Limitations and Future Directions
This research opens up multiple strategic directions for future developments: multi-center validation for confirming generalizability; hybridization with deep learning architectures; real-time clinical deployment evaluation; adaptive feature selection mechanisms; and transferability to other physiological signals.
It is essential to emphasize that this study provides an engineering methodological framework for feature optimization, not a clinically validated diagnostic system. The convergence of three independent selection algorithms in identifying similar optimal feature subsets validates the intrinsic discriminative value of the proposed nonlinear descriptors and the robustness of the identified configurations for their respective deployment contexts. Translation into clinical practice requires subsequent validation addressing the asymmetric diagnostic costs, sensitivity maximization for specific arrhythmia types, prospective patient studies, and regulatory compliance.
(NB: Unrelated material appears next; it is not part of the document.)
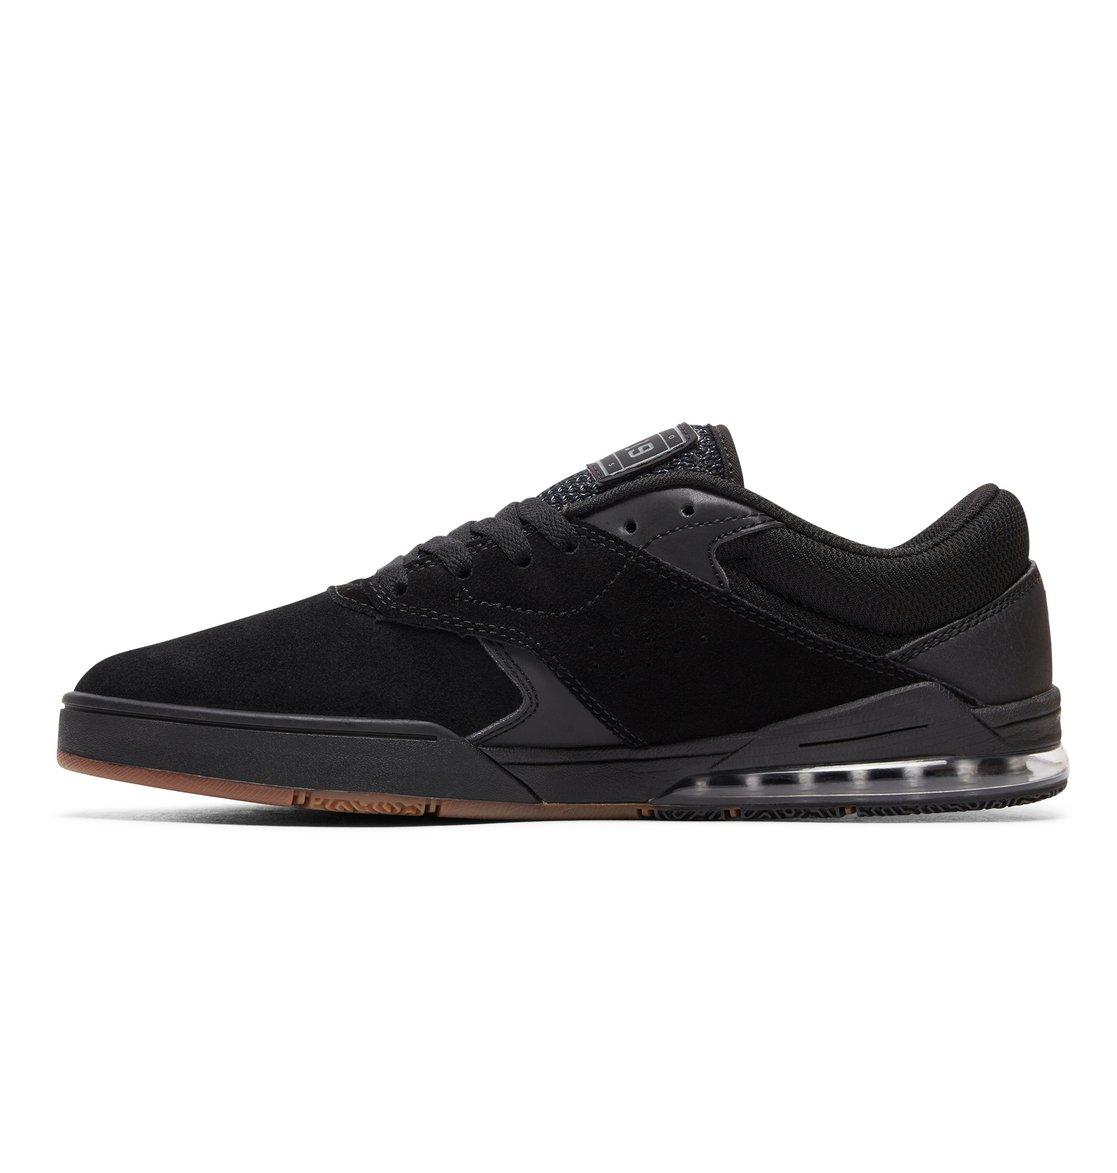 tiago s chaussures de skate pour homme adys100386 dc shoes. Black Bedroom Furniture Sets. Home Design Ideas

The potential impact extends beyond technical contributions, offering a methodological platform for revolutionizing intelligent medical system design. By demonstrating that competitive clinical performance can be maintained with dramatically reduced computational resources, this study enables accessible digital medical ecosystems in resource-limited regions, contributing to reducing global inequalities in access to advanced medical technologies and specialized cardiac monitoring services.
Extending the methodology toward fine-grained classification of the original 11 arrhythmia classes constitutes a distinct research direction that requires specialized class balancing strategies (SMOTE, class weighting, focal loss) and potentially hierarchical or ensemble classification architectures, going beyond the current methodological goal focused on algorithmic convergence in feature selection.